She realised the cost only later, as the dust settled on the floor of the satellite and the heat of the Vortex was dissipating. She'd grown to love him more than ever in this body, despite the changed mind – perhaps because of it. Now it would be gone.

He'd had regeneration sickness before, but never like this. He was more than a little bit out of control. Having seen Rose's mind she knew the girl was terrified, uncertain, unwilling to accept this stranger as the Doctor. She tried to tell Rose, but really there were more important things to worry about and getting him to a safe place was one of them. When he asked for more speed, she gave it to him. They crash-landed in the Powell Estates, and when he lost consciousness, so did she.

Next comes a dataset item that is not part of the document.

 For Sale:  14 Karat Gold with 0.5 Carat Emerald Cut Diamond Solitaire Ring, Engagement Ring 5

He got up again. He always got up again, and off they went once more. It seemed nothing could stop them now – parallel universes; being trapped in a drawing; doors into the past – the Doctor and Rose dealt with them all. Once again, it was the Daleks that proved them wrong. Once again, they won and they lost, everything.

In the time between losing Rose and finding Martha Jones on the Moon, they wandered far and wide. He oscillated wildly between sitting in the console room, or the Cloisters, or the library, talking to her in speech and mind; and dashing from planet to planet, crisis to crisis, dealing with everything the universe threw in his way. She tried taking them somewhere quiet, but he knew her too well for that and changed the coordinates. She tried reasoning with him, but that had never been very successful and now was even less so.

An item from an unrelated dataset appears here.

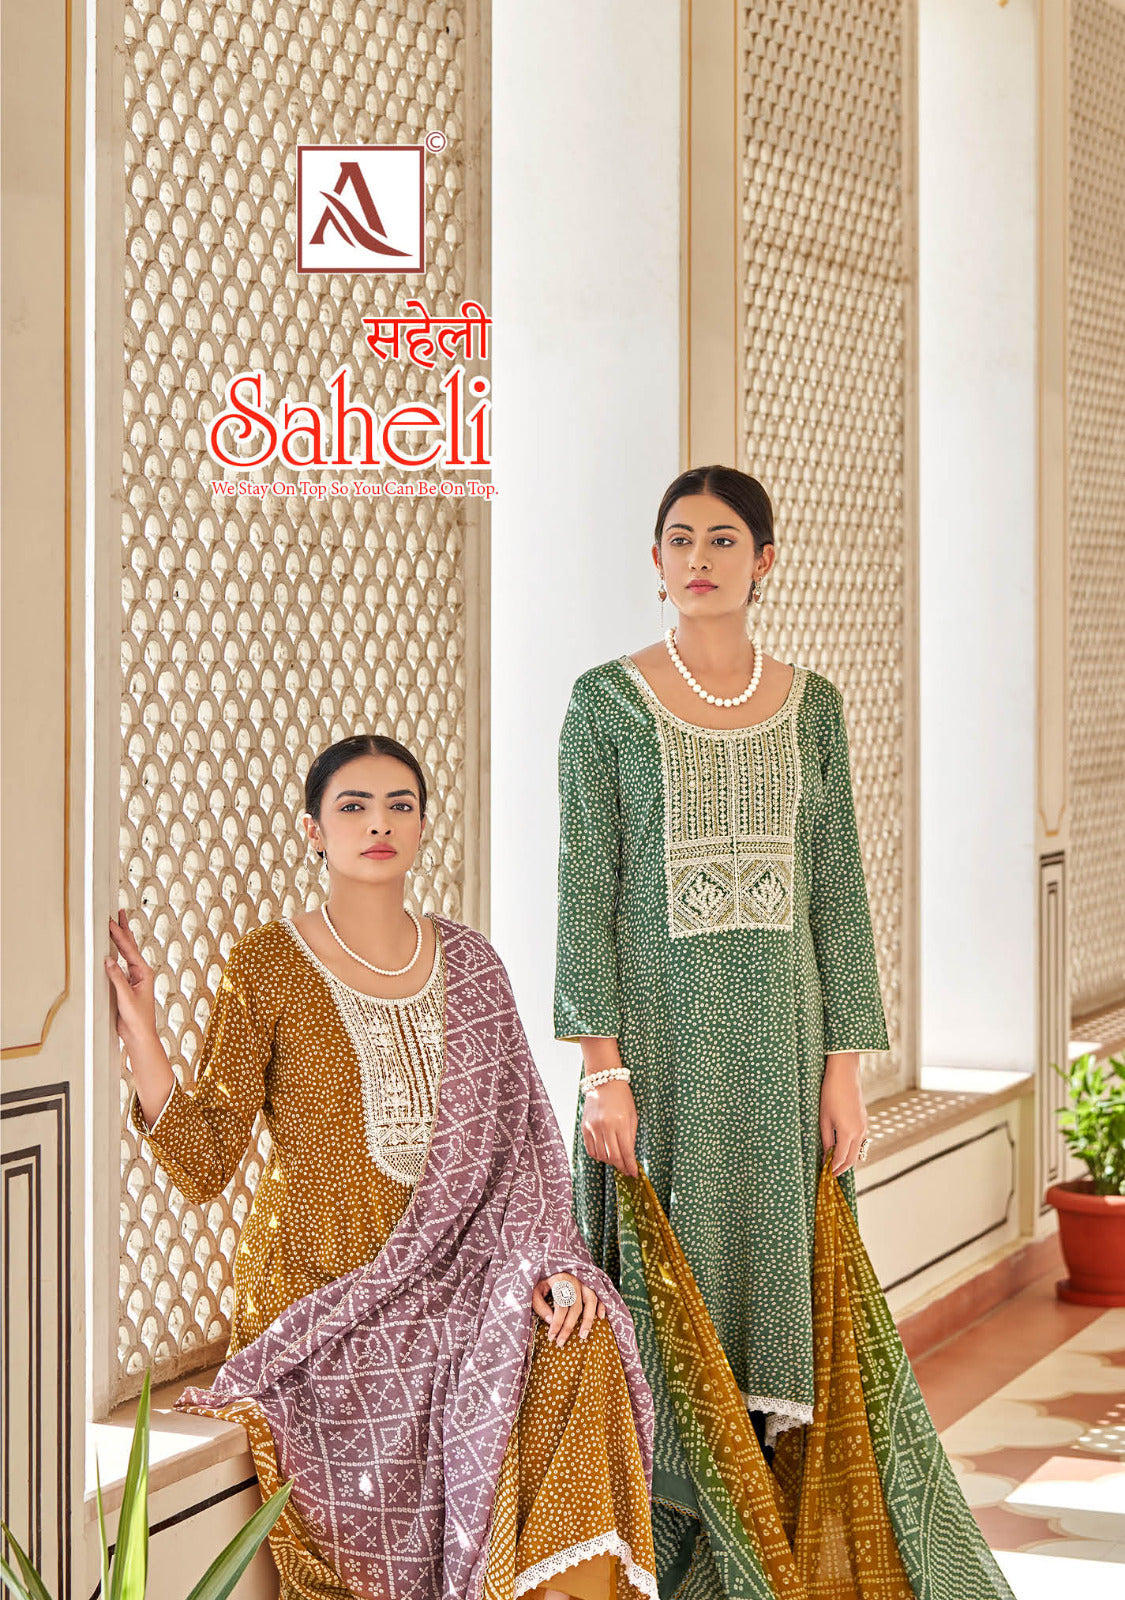 Alok Suit Saheli Viscose Rayon With Embroidery Work Salwar Suit Latest Collection

She began to hope he'd find someone to keep him occupied when they picked up a signal from Earth. The Doctor had never really been able to resist strange goings-on on Earth, and she set them down by the source of the signal with some optimism. He returned later on with no shoes and a thoughtful look about him, but she had to work to persuade him to return for the medical student he spoke of so enthusiastically.

Later on, when he quizzed her on it, she would admit to having manipulated their destinations a little to try and get Martha to stay. Martha, she felt, was good for him, and in truth it did not take that much pushing to keep her on board. Slowly, he began to brighten again, but part of him was closed off now, even to her.

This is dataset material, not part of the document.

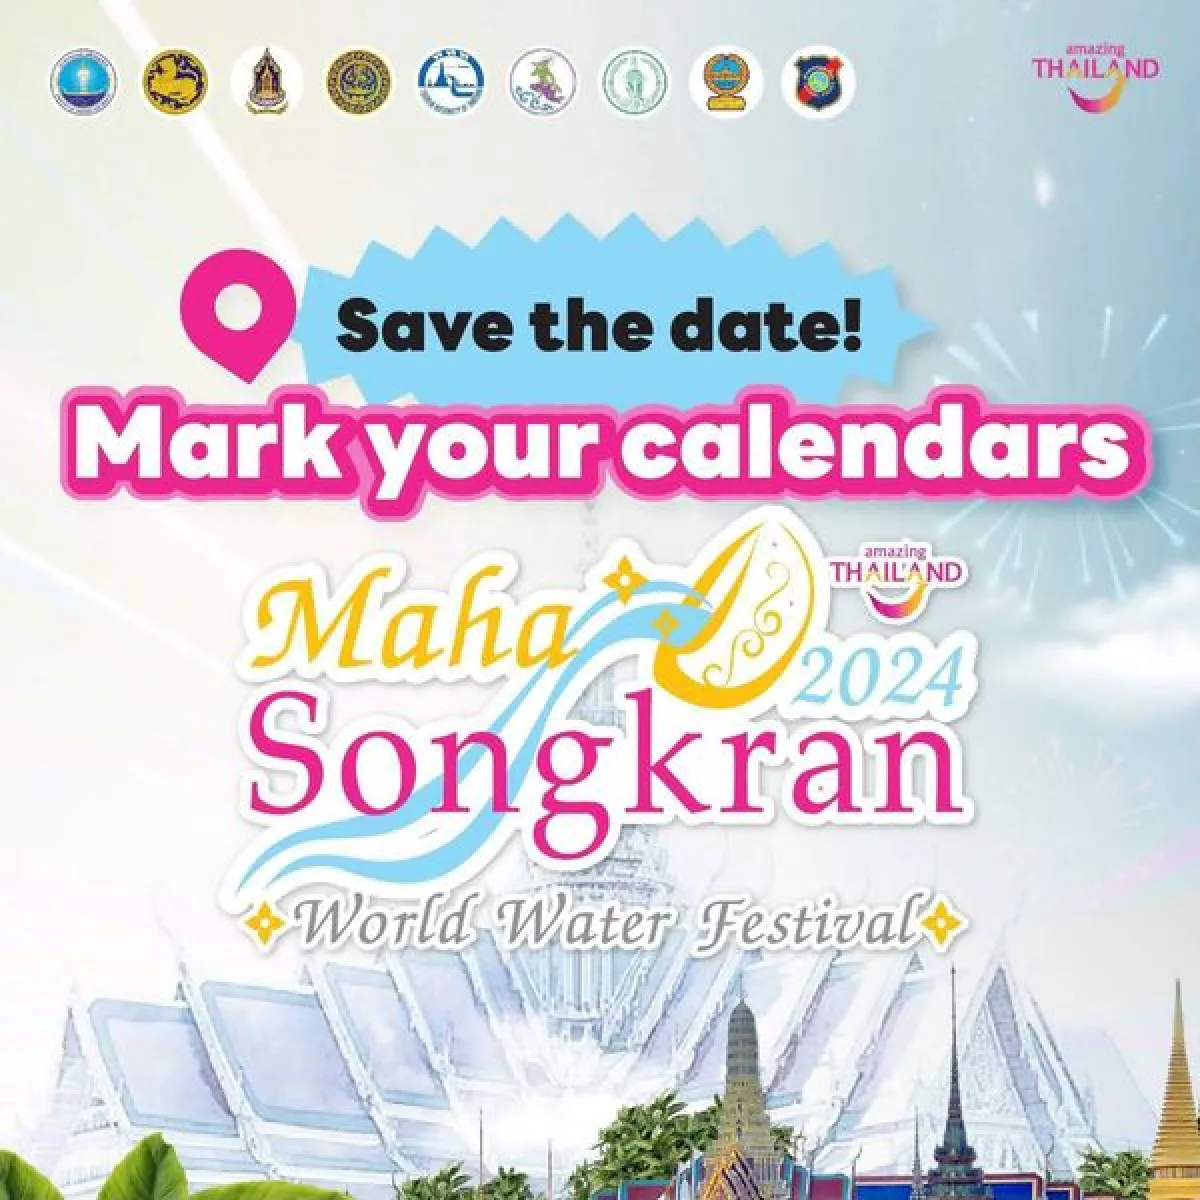 Save the Date! #EventAlert Maha Songkran World Water Festival 2024, All-Night Fun During the Great Songkran Festival 2567, April 11th - 15th, 2567, at Ratchadamnoen Avenue and Sanam Luang, Bangkok. This event is going to be spectacular, so tag your friend

In the intolerable weeks after he'd used the Chameleon Arch, she slumbered, waiting for him. Martha's brief visits were a comfort to her in her half-conscious state, but she missed him, as though part of her had been torn out. Perhaps it had; his mind was closed off, shielded by the arch. Sometimes, at night, she felt him dreaming, and she could not resist reaching out and touching his mind with hers. When the boy Latimer held the watch that was the Doctor's consciousness, she felt that too – but that was nothing compared to the rush of power and joy and brightness when he finally opened it for himself, and reawoke. She was whole once more.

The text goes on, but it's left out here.